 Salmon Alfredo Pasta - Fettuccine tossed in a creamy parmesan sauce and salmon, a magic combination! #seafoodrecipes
○ ○ ○ ○
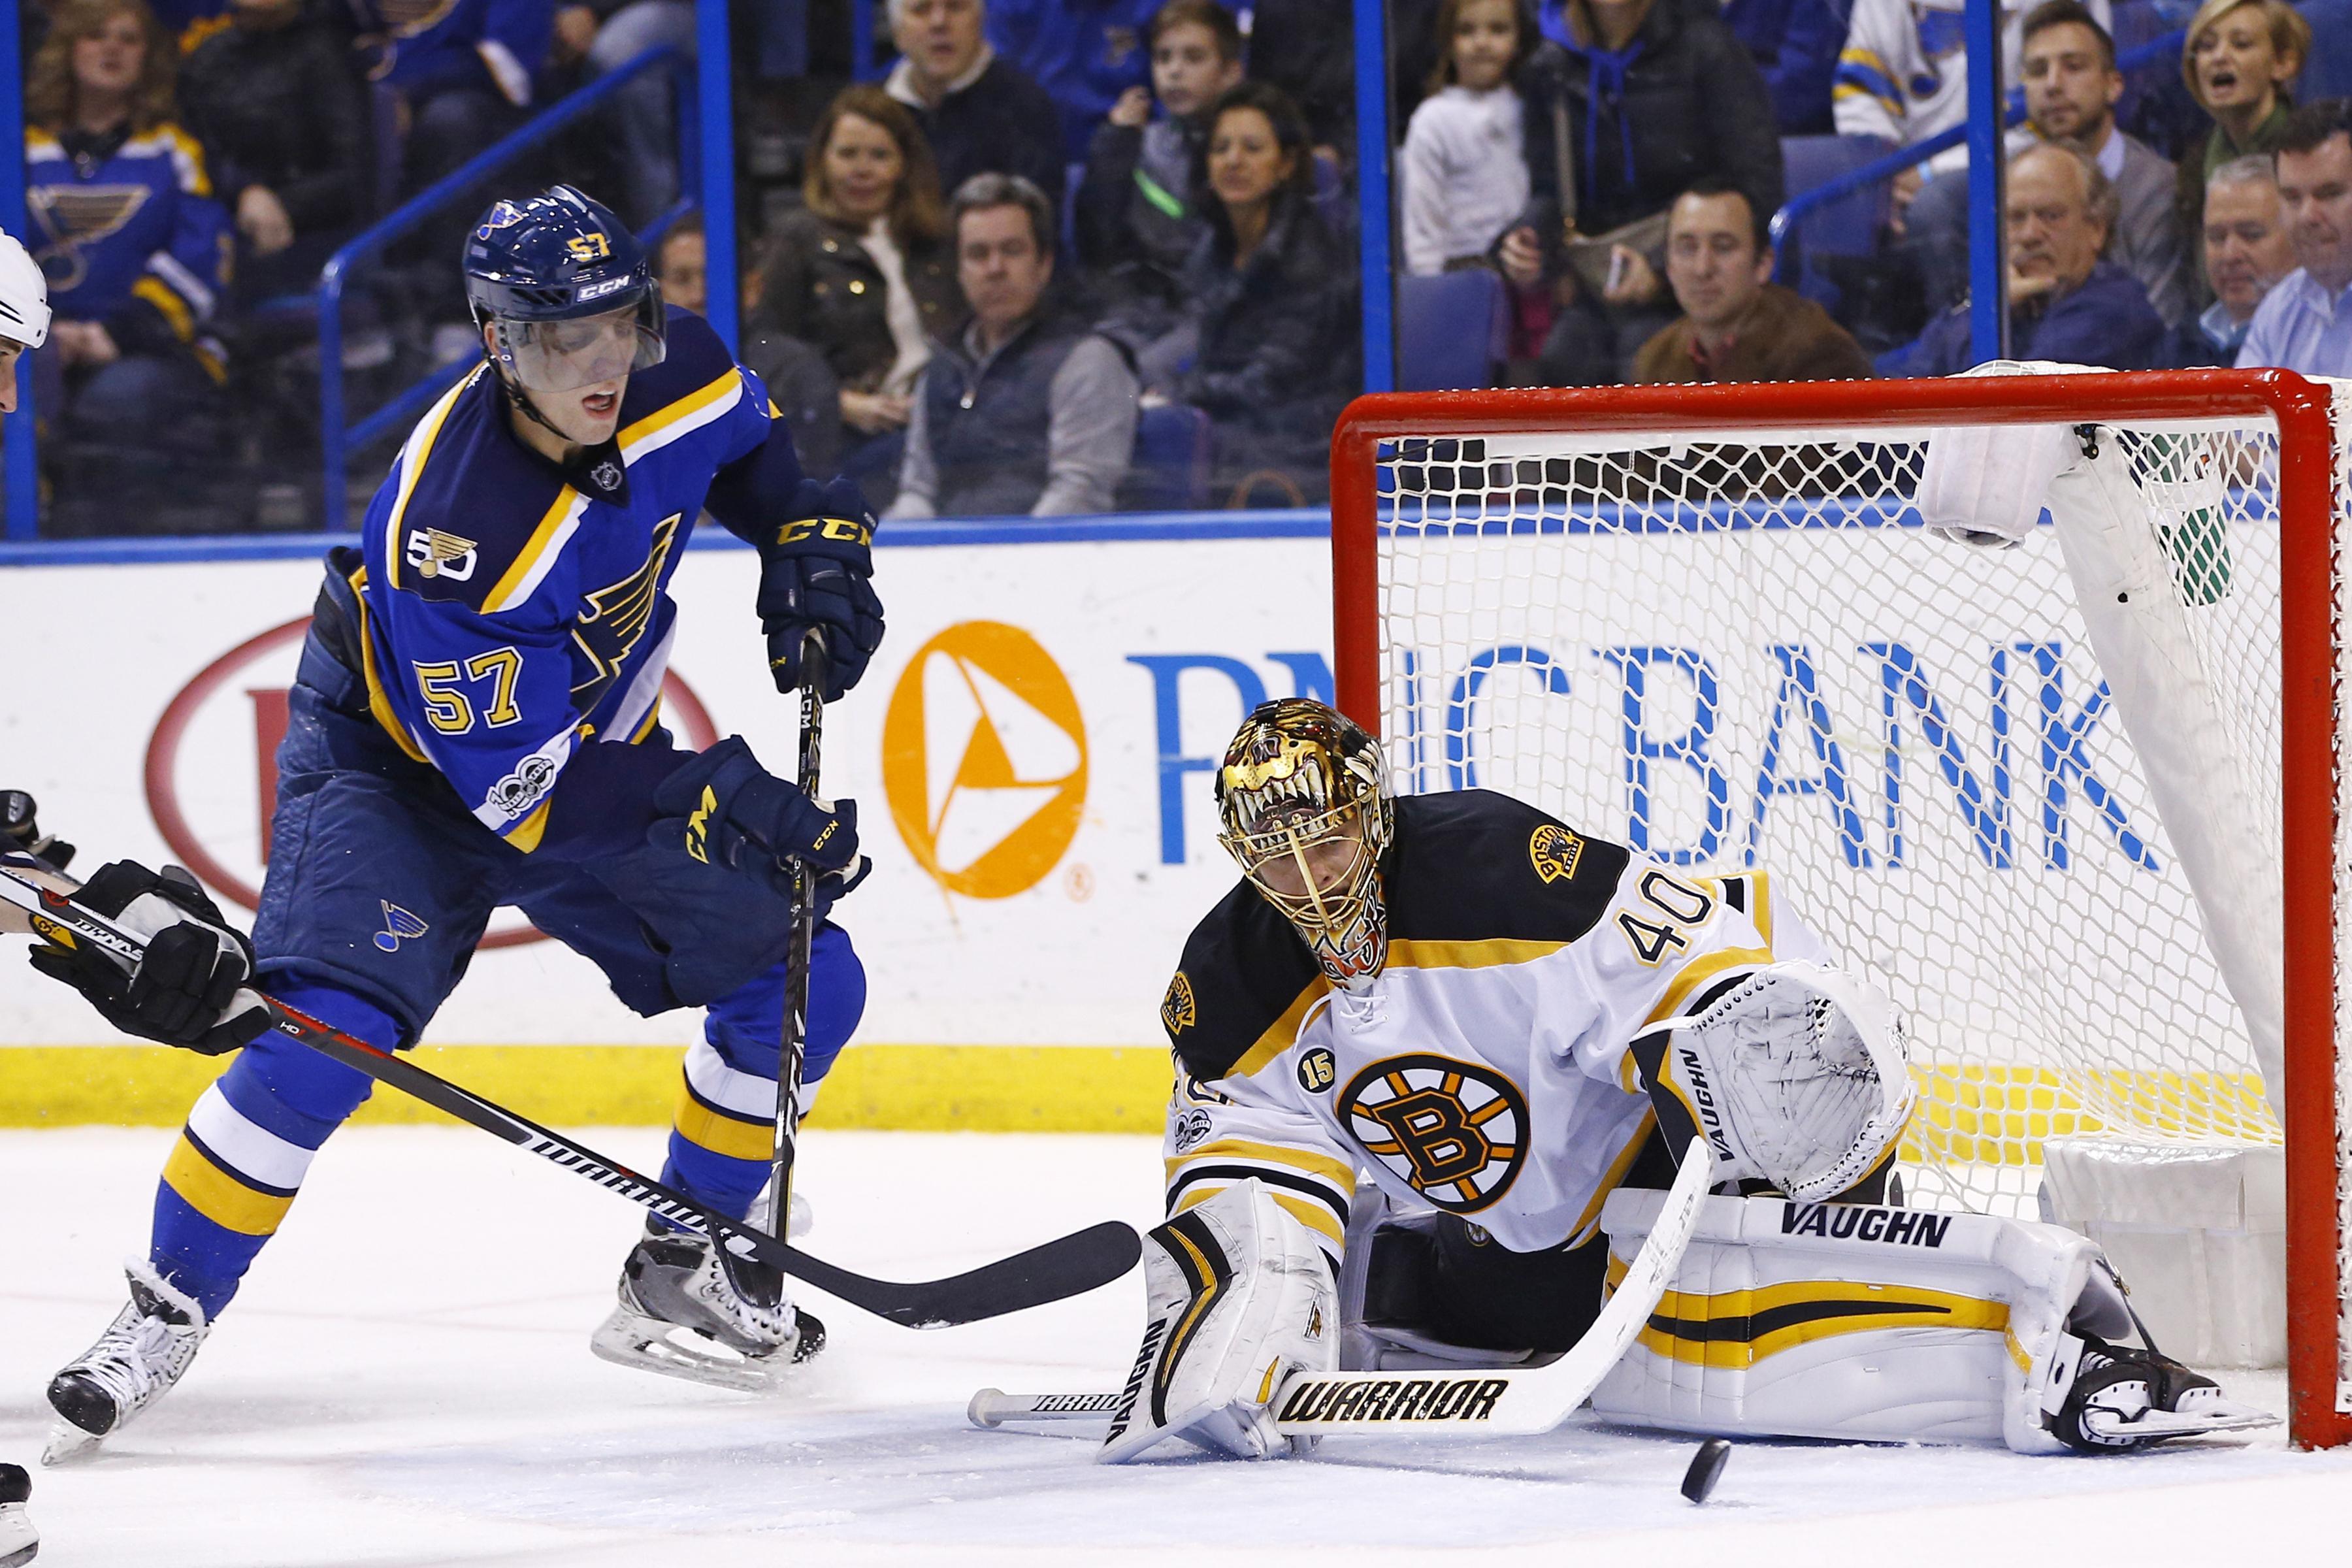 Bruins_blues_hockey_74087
○ ○ ○ ○
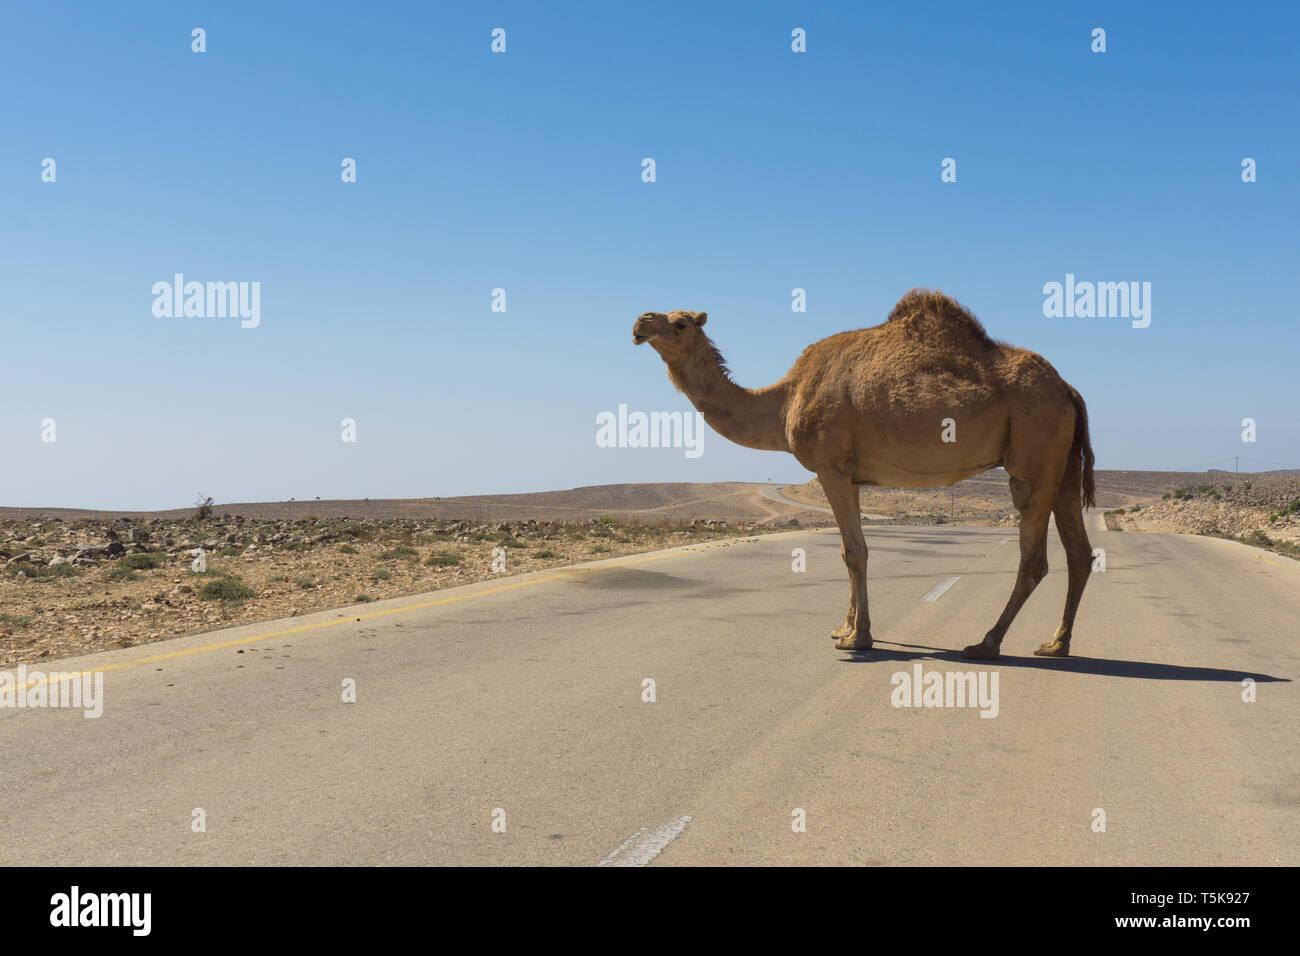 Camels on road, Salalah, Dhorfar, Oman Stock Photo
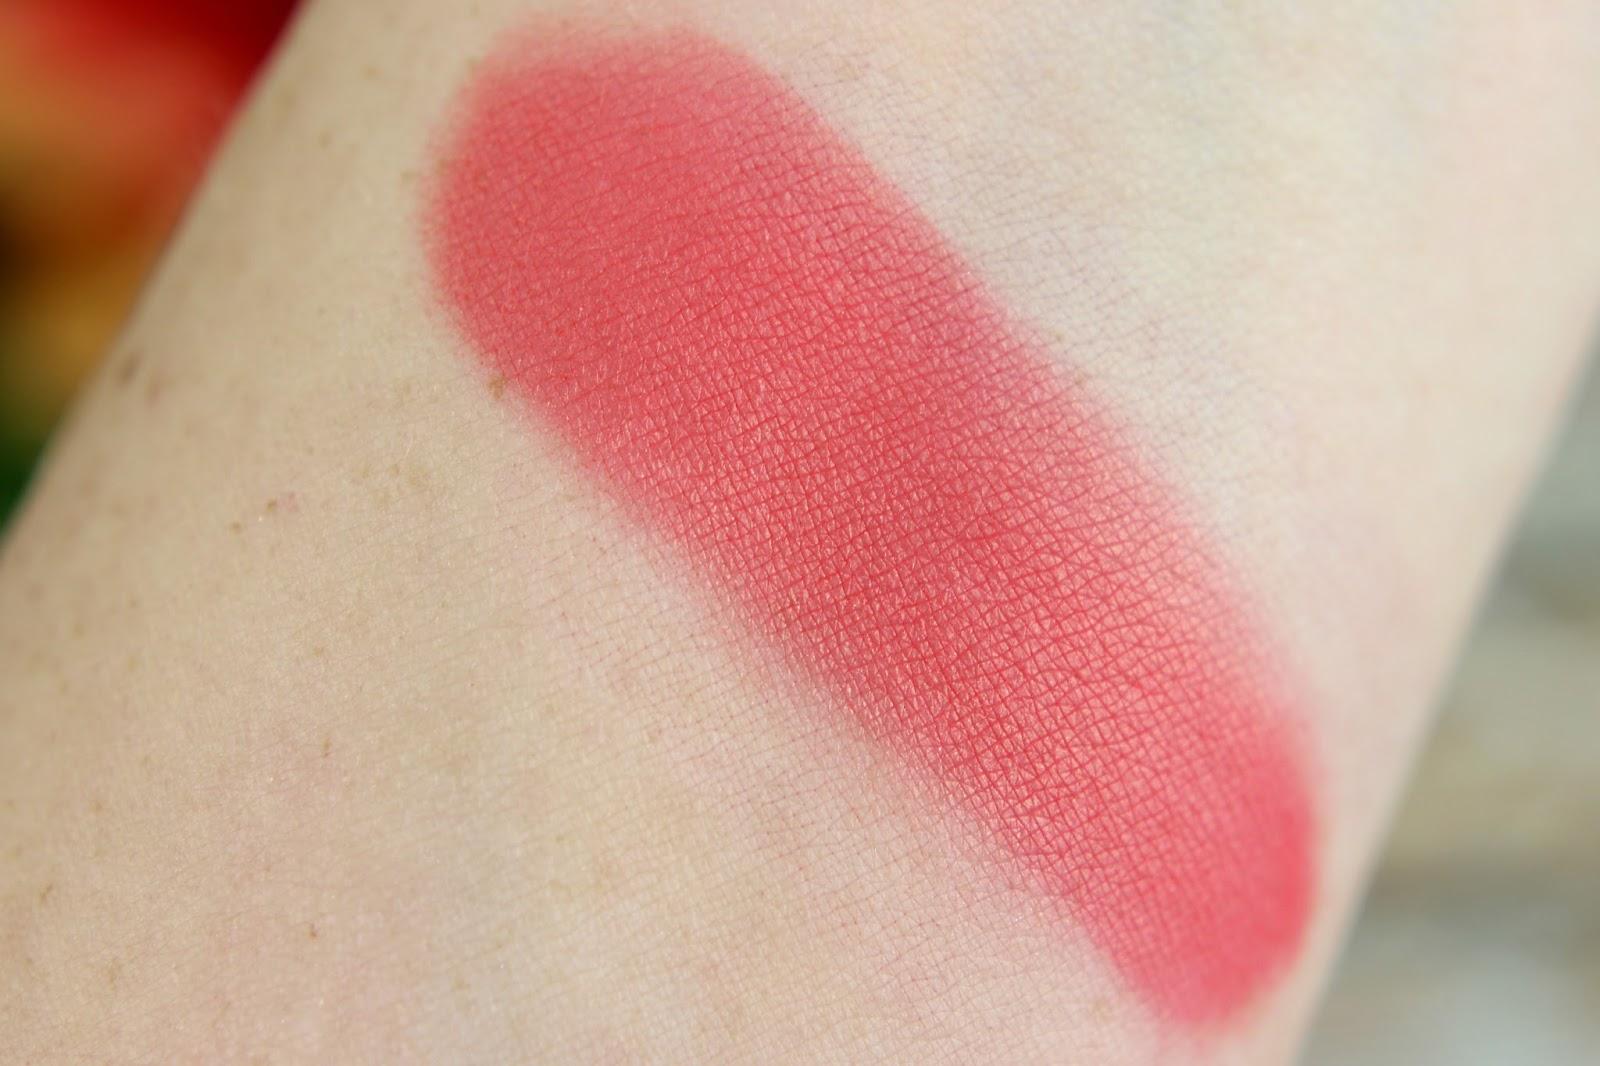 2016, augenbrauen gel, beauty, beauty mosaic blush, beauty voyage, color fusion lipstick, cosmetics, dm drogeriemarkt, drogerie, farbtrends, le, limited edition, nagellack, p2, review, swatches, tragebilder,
○ ○ ○ ○
* **ASSIGNMENT**:
Beginning with the line holding "Camels on road, Salalah, Dhorfar, Oman" in the material above, restate word for word each line through the line holding "2016, augenbrauen gel, beauty, beauty", and exclude pictures.

* **SOLUTION TO THE EXERCISE**:
 Camels on road, Salalah, Dhorfar, Oman Stock Photo
 2016, augenbrauen gel, beauty, beauty mosaic blush, beauty voyage, color fusion lipstick, cosmetics, dm drogeriemarkt, drogerie, farbtrends, le, limited edition, nagellack, p2, review, swatches, tragebilder,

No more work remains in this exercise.